> **Problem details**:
Wherever the line with "Kabelka, crossbody, ruksak, shopping" sits in the listing below, transcribe from it up to and including the line with "LED-lamppu E27 A60", exactly, and leave the remaining lines out.

> **Given information**:
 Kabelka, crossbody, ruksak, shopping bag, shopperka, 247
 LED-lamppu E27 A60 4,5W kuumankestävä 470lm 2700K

==

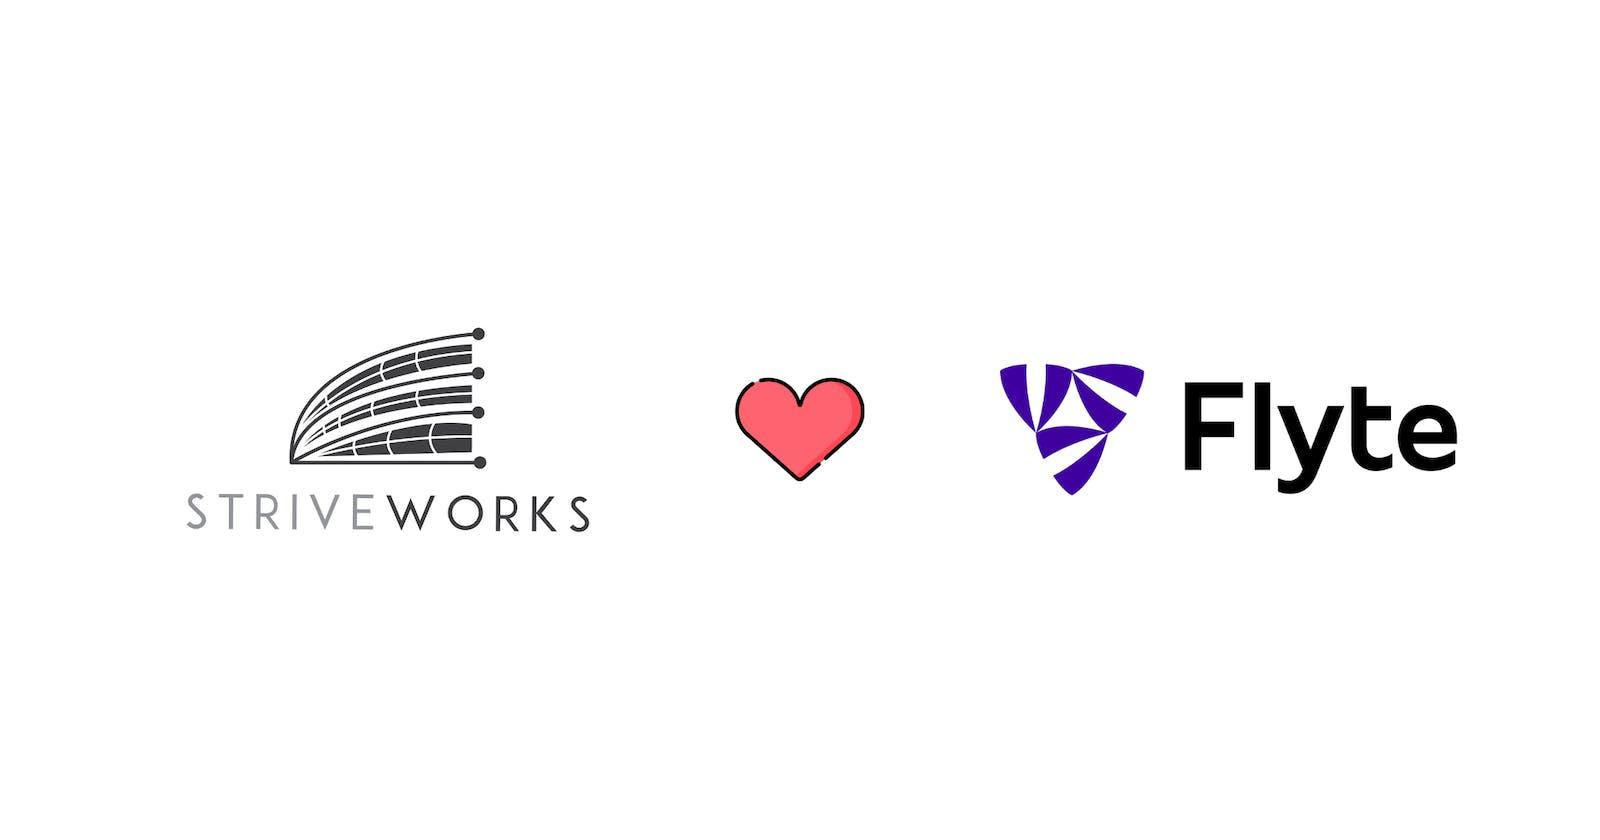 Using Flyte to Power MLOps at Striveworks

> **Written solution**:
 Kabelka, crossbody, ruksak, shopping bag, shopperka, 247
 LED-lamppu E27 A60 4,5W kuumankestävä 470lm 2700K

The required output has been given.